A medida que se aleja de la superficie se va esfumando su imagen, disipándose en el aire. Son sus sandalias las primeras en ser borradas por la bruma. Es el casco el que rodará durante el día hasta precipitarse en la oscuridad, el último. Son las historias que lo acompañan las encargadas de seleccionar la música diaria.
Sentados en el bar los deambulantes tempraneros se regocijan con el espectáculo. Abandonados por la noche, sueñan con entradas ocultas que los conectan con los universos paralelos. Plenos de fantasías, alejados de la realidad que golpea sin miramientos la puerta de cada uno despertándolo. Quedan los que hacen oídos sordos, los que ignoran los avisos intranquilos y atemorizantes, los que se distraen con los grifos que recorren La Cañada buscando oro en las piedras de las paredes.
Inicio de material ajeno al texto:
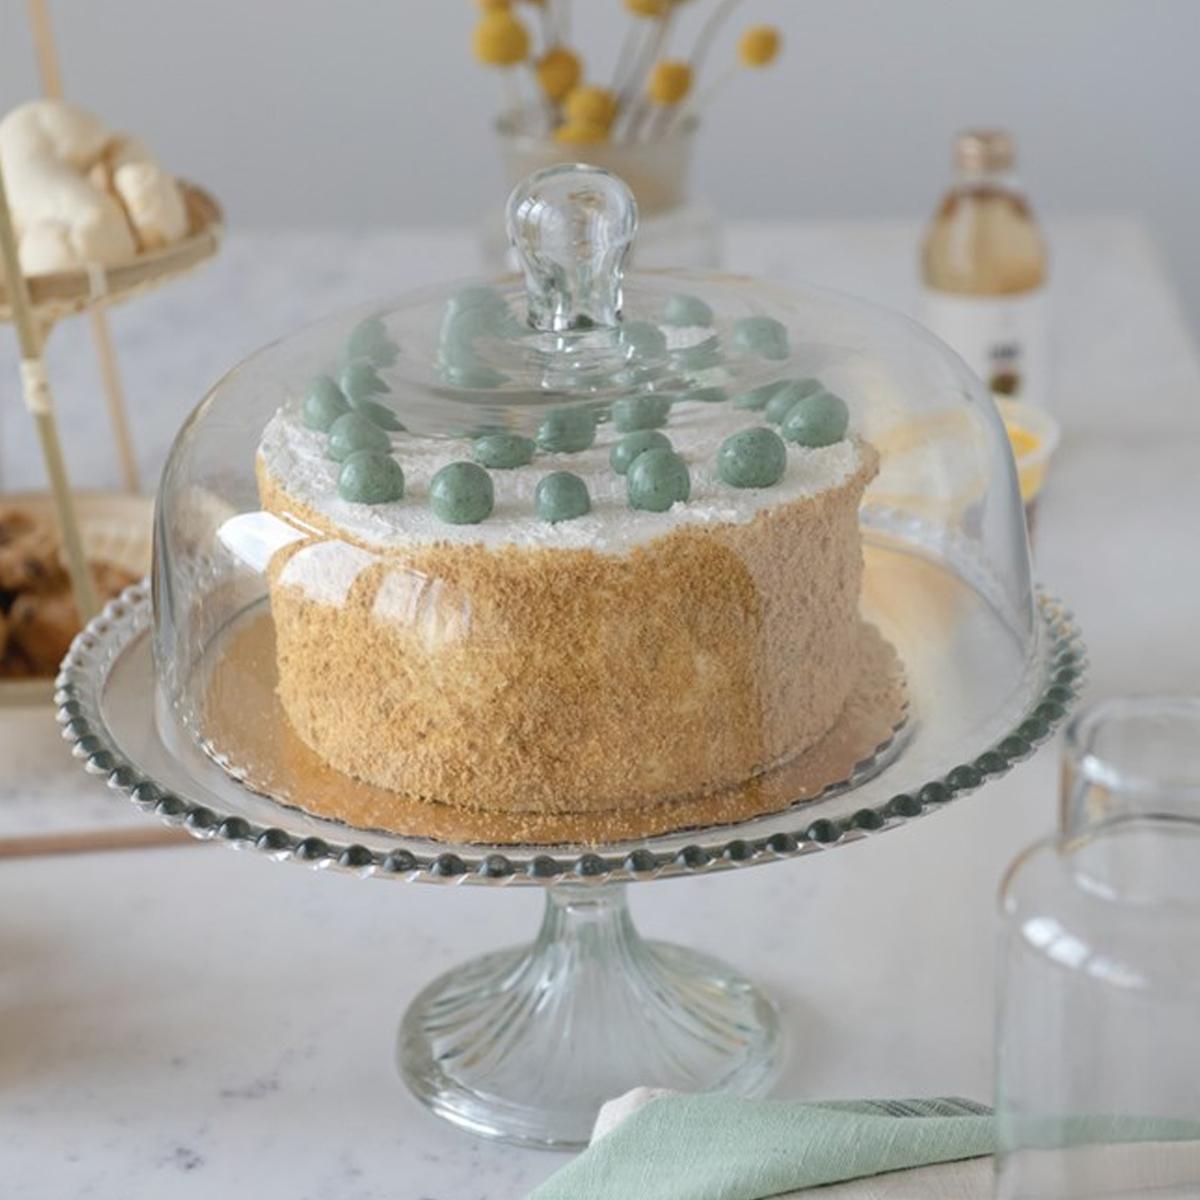 Picture of GLASS CAKE STAND & CLOCHE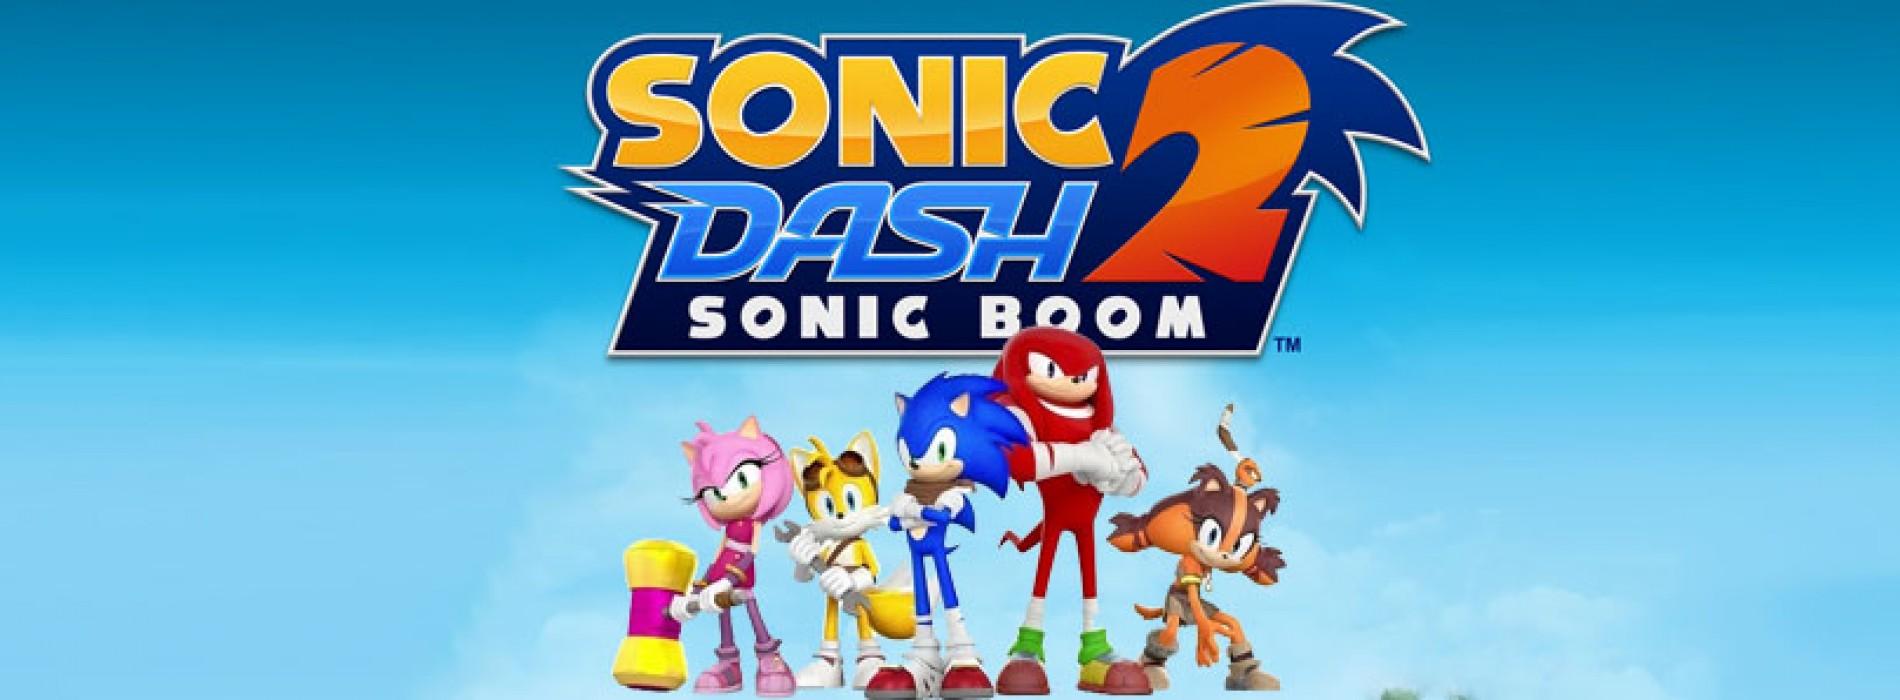 Herní novinka Sonic Dash 2: Sonic Boom [Android]

Son los que fingen escuchar las noticias de la televisión mientras construyen castillos de paredes de humo. Pueblan habitaciones de personajes irreconocibles y trastocan historias verdaderas en sueños de melancolía. Dibujan tapices que cuelgan de paredes de ladrillos de arcilla de tiempo. Se detienen en relojes con manecillas estacionadas a la hora señalada, fuera de toda convención.
Son ellos los que descubren en el guerrero a un espartano y no a un hitita. Los que admiran los rasgos apolíneos descendientes de conquistadores aqueos. Los que se detienen en la mirada que sobrevivió a medusas, minotauros y cíclopes hambrientos. Los que se lo imaginan corriendo por la playa, vociferando gritos de guerra, buscando a un enemigo invisible. Los que saben que entre el vértigo de su vitalidad necesita además el sosiego de un mar sereno, los brazos traviesos de su dama paciente, los acordes de una lira rebotando contra sus oídos adormecidos.
Son los amanecidos tardíos los que lo ignoran. Los que no lo reconocen bajo el casco bruñido. Los que aceleran aumentando el ruido atosigando calles y llenando avenidas de colores fugaces. Los que no se miran, compiten en llegar primero a metas que están todos los días esperando al primero. Pero nunca identifican al triunfador ni realizan actos de entrega de trofeos. Los que tapan el canto de pájaros con ruidos de prisa e impaciencia. Los que contagian a la ciudad de nerviosismo.
Ya el guerrero no está. Cumplido su acto dejó el escenario a otros actores. Su papel se agotó sin pronunciar palabra. Sus pasos se dirigieron a la salida.